Prompt‑injection attacks hide malicious instructions inside web pages, PDFs, emails or images. When an AI‑enabled browser or assistant reads them, it may follow those hidden instructions instead of the user’s request. That can lead agents to:

- Leak sensitive data from previous chats or internal systems.

- Change security settings, follow malicious links or perform risky actions while the user thinks they are “just asking a question”.

Security research on emerging AI browsers has already demonstrated real‑world prompt‑injection exploits that hijack agents’ “memory” features to escalate access, deploy malware or exfiltrate data, with vendors acknowledging prompt injection as a frontier problem without robust, general‑purpose mitigations yet.

Model supply chains are another weak spot. Organisations are increasingly downloading open‑source models and components. Attackers respond with typosquatted or backdoored artefacts, and by poisoning training data. Joint work by JFrog and Hugging Face found hundreds of public models embedding malware or arbitrary code, with attacks on model repositories growing faster than the ecosystem itself. Pulling a compromised model into an internal environment may quietly introduce new ways to bypass checks or exfiltrate data.

What this means for defenders

Put simply, attackers gain:

• Greater speed and reach.
• More believable scams that pass casual scrutiny.
• Faster development and testing of exploits and infrastructure.

Defenders cannot assume “pre‑AI” threat levels. Industry surveys now consistently rank AI‑driven attacks as one of the top emerging cyber risks, with CISOs warning that AI is “propelling us toward an entirely new risk landscape” that combines deepfakes, shadow AI and model manipulation rather than just more of the same phishing and malware. You need to:

• Assume AI‑boosted social engineering, fraud and intrusions as the default.
• Tighten controls around identity proofing, step‑up checks and high‑value payment approvals, explicitly assuming that audio, video and writing style can be forged.
• Harden remote access and helpdesk processes against deepfakes and hyper‑realistic stories, including clear playbooks for “CEO on a video call asking for an urgent transfer”.
• Update awareness training to cover multi‑channel AI scams, not just clumsy phishing emails, and to address the fact that staff may be dealing with AI‑generated content across email, chat, voice and video.

The goal is not panic, but parity: design controls on the assumption that your adversary has powerful AI in their toolkit too.

New risks when you add AI to your stack

AI changes your attack surface as much as it changes your capabilities. The main risks come from letting software act with too much freedom, remember too much, and connect to too many things without clear guardrails. Insurers now describe AI as creating an “entirely new risk landscape” for cyber, with AI‑driven attacks ranked as the leading emerging threat in both the US and UK boardrooms.

Autonomy without common sense

When AI systems can click buttons, move money, create tickets, change firewall rules or call APIs, they stop being “just analytics” and become operational actors. Unlike humans, they do not understand intent or business context, so small errors can snowball at machine speed.

Anthropic’s recent threat‑intelligence work has already shown agentic models being used as “both a technical consultant and active operator” in real extortion campaigns, compressing what once required a skilled team into the actions of a single person.

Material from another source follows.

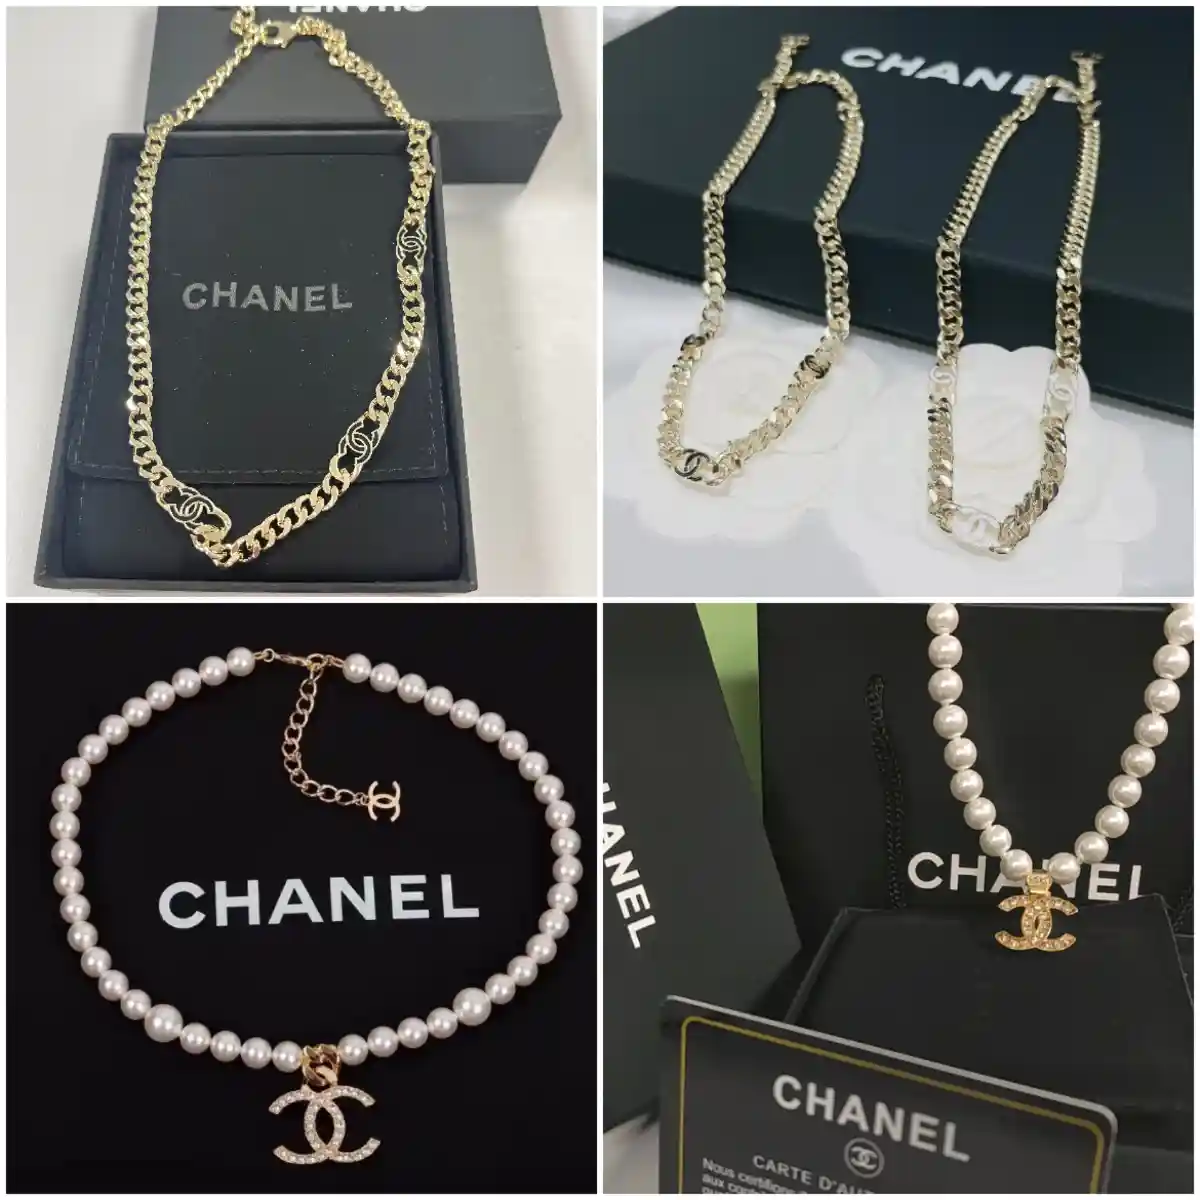 Chanel cc necklace dupe dhgate

That same ability to execute end‑to‑end workflows is what makes over‑permissive defensive agents so dangerous.

Hallucinated instructions, misread logs or poisoned inputs can drive concrete harm, for example:

• Incorrectly relaxing access controls or security groups.
• Rolling out flawed configuration changes across many systems.
• Deleting or sharing the wrong data set because it matches a pattern, not a policy.

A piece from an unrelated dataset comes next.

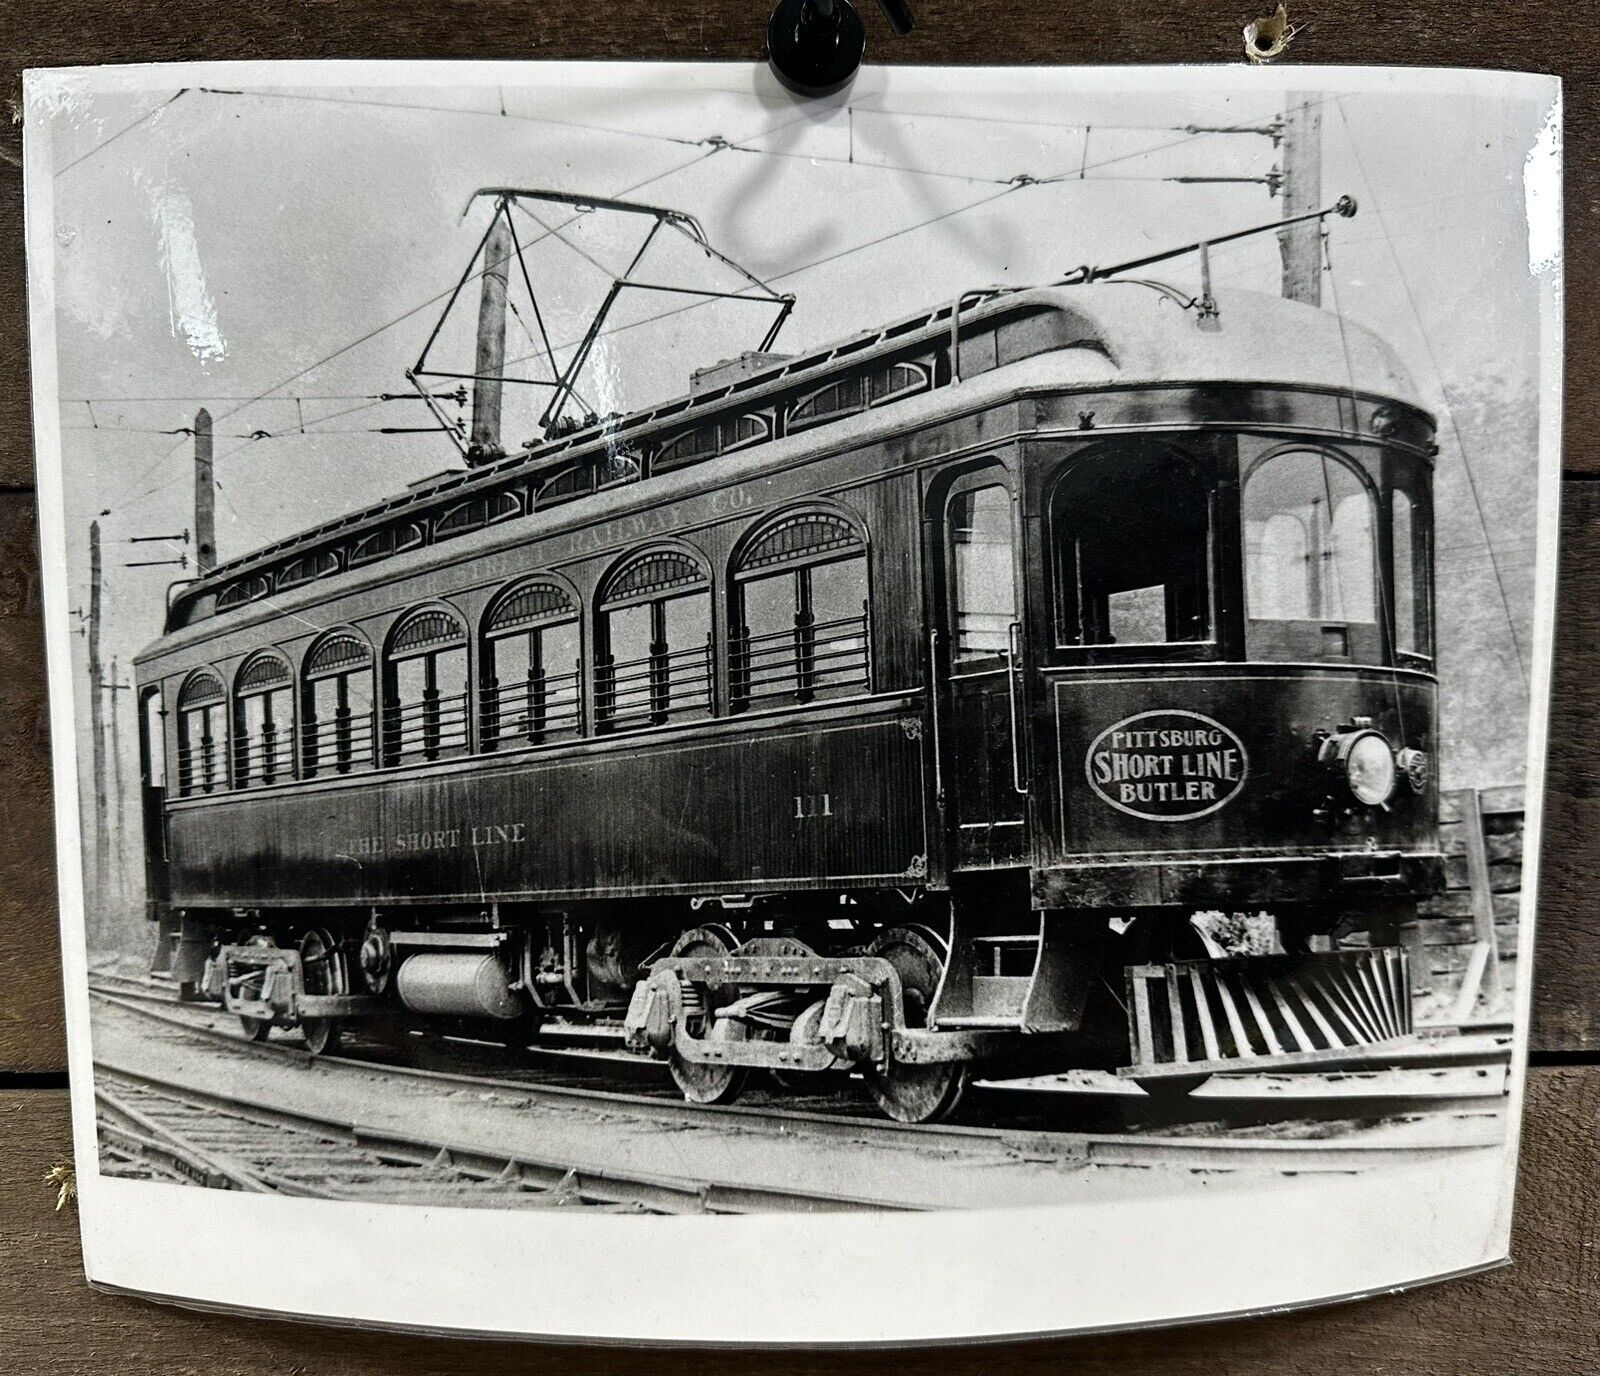 Vintage “Pittsburg Short Line Butler” Trolley Photo

The deeper risk is over‑trust. Once AI is embedded in workflows, people tend to assume “the system knows what it’s doing” and stop double‑checking. Surveys of CISOs and CEOs show a persistent gap here: executives are markedly more optimistic than security leaders that AI will improve their cyber defences, even as they rate AI‑driven attacks as their top concern. That is exactly when silent failures become systemic incidents.

Memory, data leakage and shadow storage

Modern AI assistants work by absorbing rich context: documents, chat histories, code, tickets, emails and browser content. This creates powerful help – and powerful leakage paths.

If you do not define strict data boundaries, sensitive material can drift into places you neither control nor fully see, including vendor environments and training pipelines. Typical exposure points include:

• Customer records or transaction data used to “improve the model”.
• Source code, keys or architectural diagrams pasted into public tools.
• Long‑lived interaction histories that become an ungoverned shadow archive.

Regulators are already warning that AI plug‑ins and integrations can quietly bypass existing data‑loss prevention, and large‑scale surveys find shadow AI is now the top AI‑related concern for many CISOs. Where firms have audited usage, a majority admit they lack clear policies or automated oversight for open‑source and external models, despite staff routinely uploading confidential material.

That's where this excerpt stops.